Anyone can help on this subject about low number of sample and remote
cache samples meaning ?

Thanks,

Manu

2014-01-23 Manuel Selva <selva.manuel@gmail.com>:
> Hi all,
>
> Today I followed up my investigations on this subject.
>
> Concerning the first question about, remote cache samples, I am still
> not able to understand  why i get this kind of events instead of Local
> ram accesses. I modified my memory allocation function to use
> numa_alloc function to be sure the memory is physically allocated
> where I want. When the memory is allocated on the same node as the
> thread running my program, I still have remote cache accesses and no
> ram accesses. When it's on another node, I have remote ram accesses as
> expected.
>
> Does anybody have an explanation of the exact meaning of these remote
> cache events that could explain why I get them ?
>
> Regarding the the number of samples, I first checked the number of
> memory loads generated by the sampled function (I mean here
> statically, looking at the code generated by gcc).

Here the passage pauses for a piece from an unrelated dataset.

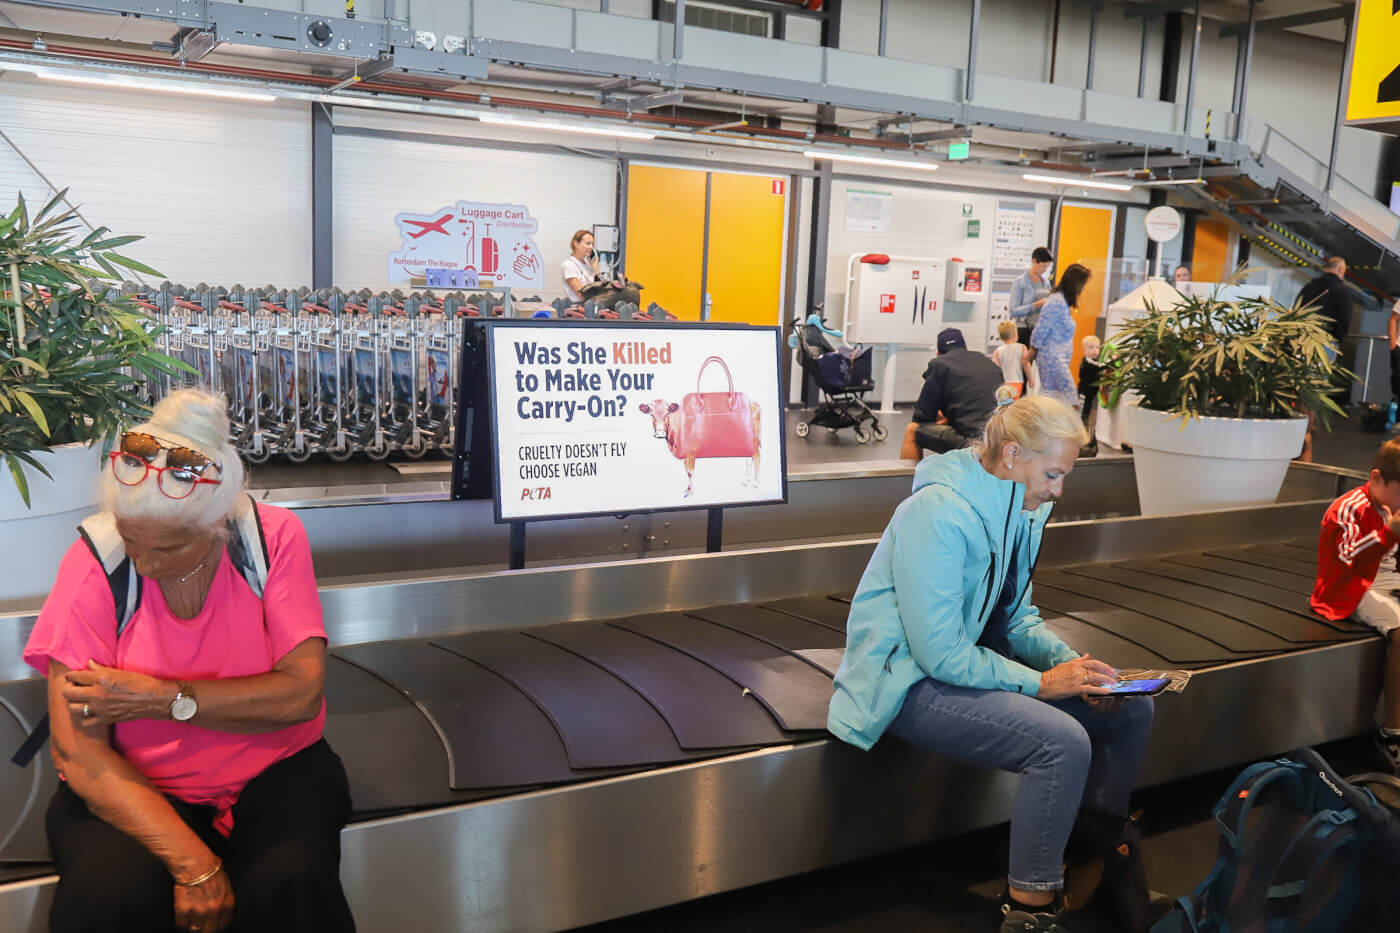 Wreedheid gaat niet op: anti-leer boodschap van PETA landt op Rotterdam The Hague Airport

I then compared
> this number with the core event: MEM_INST_RETIRED.LOADS, they are very
> close (measured = 15001804, expected = 15001804). The difference must
> come from the loads generated by the start/stop ioctl calls and maybe
> other thing happening behind the scene I must miss, anyway this is
> coherent. With a sampling period of 1000 events, I only have 455
> samples. For period = 5000 I have 91 samples, and for period = 10000
> 45 samples.
>
> So my question is what is the reason for this low number of samples ?
>
> 1- Some memory accesses have a threshold smaller than 3 cycles and are
> thus not counted at all ?
>
> 2- Is there any relation to the time taken by  the PMI handler being
> too large. My benchmarking code is only doing loads and no computation
> at all ?
>
> 3- any other idea ?
>
> Manu
>
> PS: Because this list is called perf-users, I should maybe ask this
> kind of question on another list. If it's the case, please let me know
> where ? Thanks.
>
> 2014/1/17 Manuel Selva <selva.manuel@gmail.com>:
>> Hi all,
>>
>> I wrote a benchmarking program, in order to play with perf_event_open memory
>> sampling capabilities (as discussed earlier on this list).
>>
>> My benchmark is allocating a large array of memory (120 megas by default),
>> then I am starting sampling with perf_event_open and the
>> MEM_INST_RETIRED_LATENCY_ABOVE_THRESHOLD event (with threshold = 3, the
>> minimal one according to Intel's doc) along with memory accesses counting
>> (uncore event QMC_NORMAL_READ.ANY) and I access all the allocated memory
>> either sequentially or randomly. The benchmark is mono thread, pinned to a
>> given core, and memory is allocate don the core associated with this node
>> using numa_alloc functions. perf_event_open is thus called to monitor only
>> this core/numa node. The code is compiled without any optimization and I
>> tried as possible to increase the ratio of memory accesses codes vs
>> branching, and other stuff code.
>>
>> I can clearly see with the QMC_NORMAL_READ.ANY events count that my random
>> accesses test case generate far more memory accesses than the sequential one
>> (I guess the prefetcher and sequential access are responsible for that).
>>
>> Regarding the sampled event, I successfully mmap the result of perf event
>> open and I am able to read the samples. My problem is that even for the
>> random accesses test case on the 120 megas, I don't have any samples served
>> by the RAM (I am using the PERF_SAMPLE_DATA_SRC field) (the sampling period
>> is 1000 events and I only get ~700 samples). Nevertheless, in the sequential
>> case I have 0,01% of my samples that are remote cache accesses (1 Hop) where
>> as this percentage is ~20% in the random case.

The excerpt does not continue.